Aber fassen wir einmal die bisher bekannten Fakten zusammen: Zwei Deutsch-Russen werden in Bayern, in Bayreuth, festgenommen, weil sie die US-Einrichtung in Grafenwöhr fotografiert haben und außerdem Sprengstoffanschläge geplant haben sollen. Einer der beiden soll, von 2014 bis 2016, in einer Einheit der Volksrepublik Donezk gekämpft haben, woraus der Generalbundesanwalt jetzt „Mitgliedschaft in einer terroristischen Vereinigung“ macht.
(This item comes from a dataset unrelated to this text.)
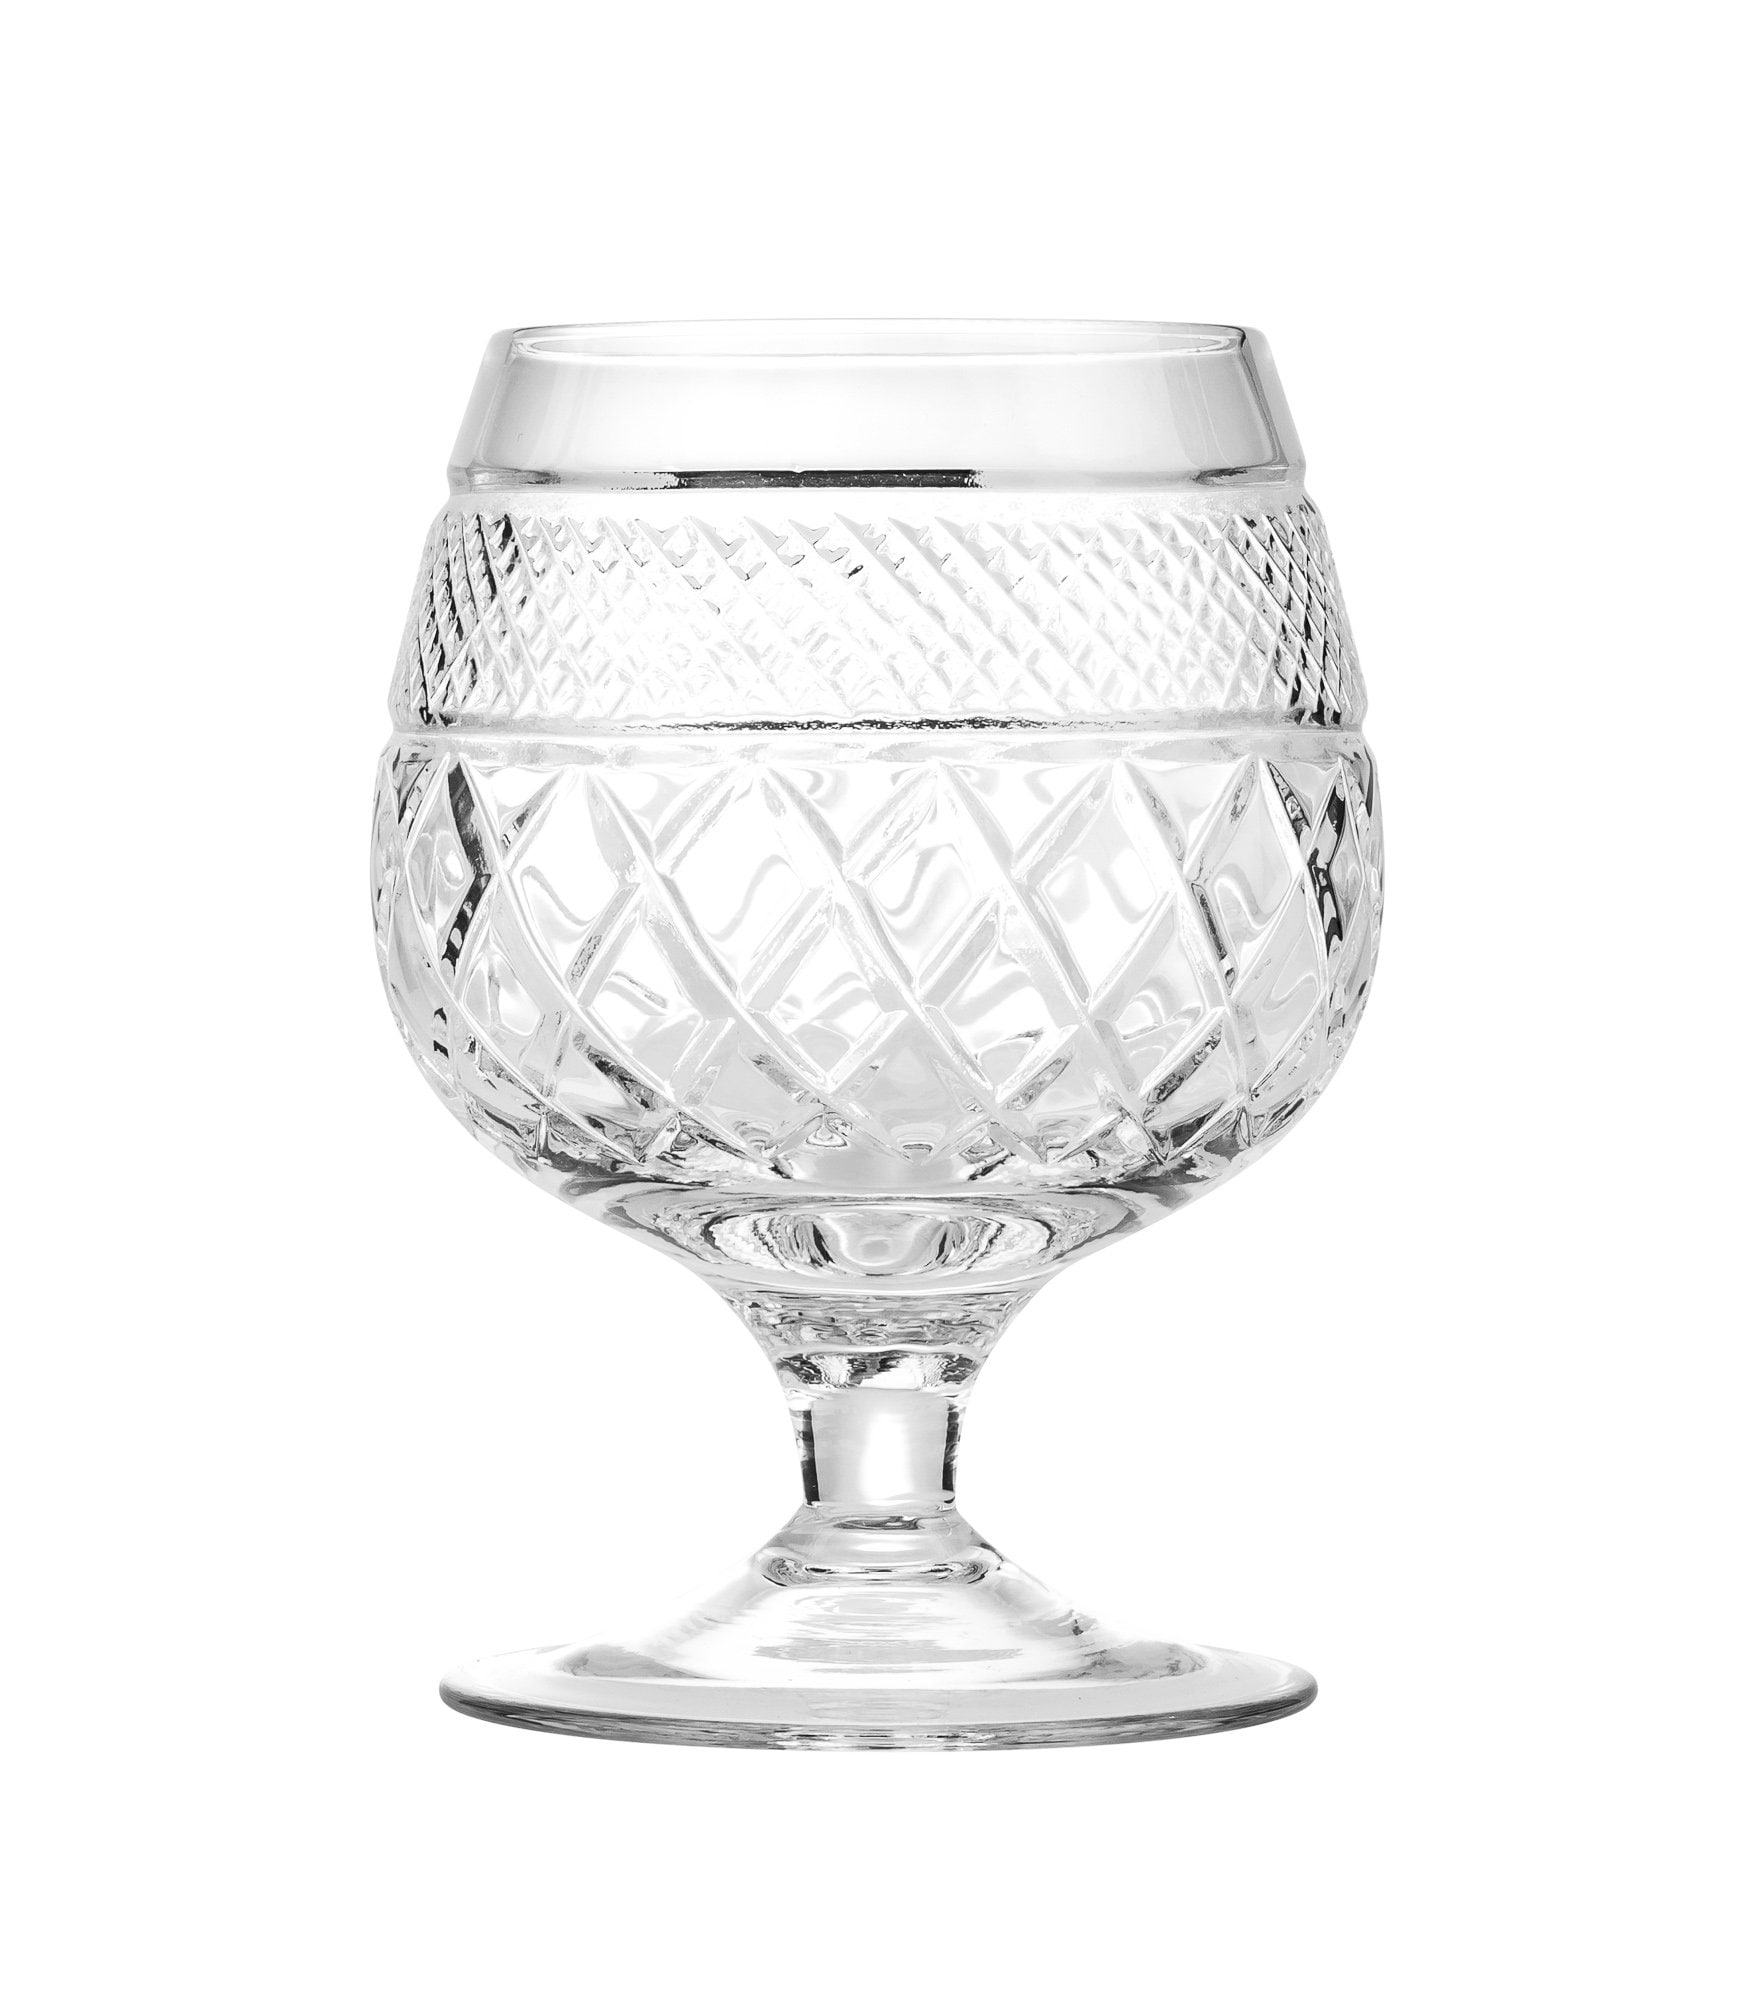 Neman 7' Brandy Snifter Glass With Gold Rim, Hand-cut Crystal

Wer schon ein paar Videos von Festnahmen ukrainischer Saboteure in Russland gesehen hat, weiß, dass da der Sprengstoff für beabsichtigte Anschläge gezeigt wird. Ganz konkret. Und wo ist der Sprengstoff in Deutschland? Hatten sie überhaupt welchen? So etwas kauft man nicht an der nächsten Straßenecke, auch wenn der Markt für solche Dinge dank der Weiterleitung aus Waffenlieferungen an die Ukraine auf die Schwarzmärkte ziemlich in Bewegung geraten sein müsste. Sicher, in Deutschland wird längst ein etwas eigenartiges Verhältnis zu materiellen Tatbeständen entwickelt, aber dennoch: Solange da kein Sprengstoff ist, ist eine „Absicht eines Sprengstoffanschlags“ erst einmal nur eine Fantasie.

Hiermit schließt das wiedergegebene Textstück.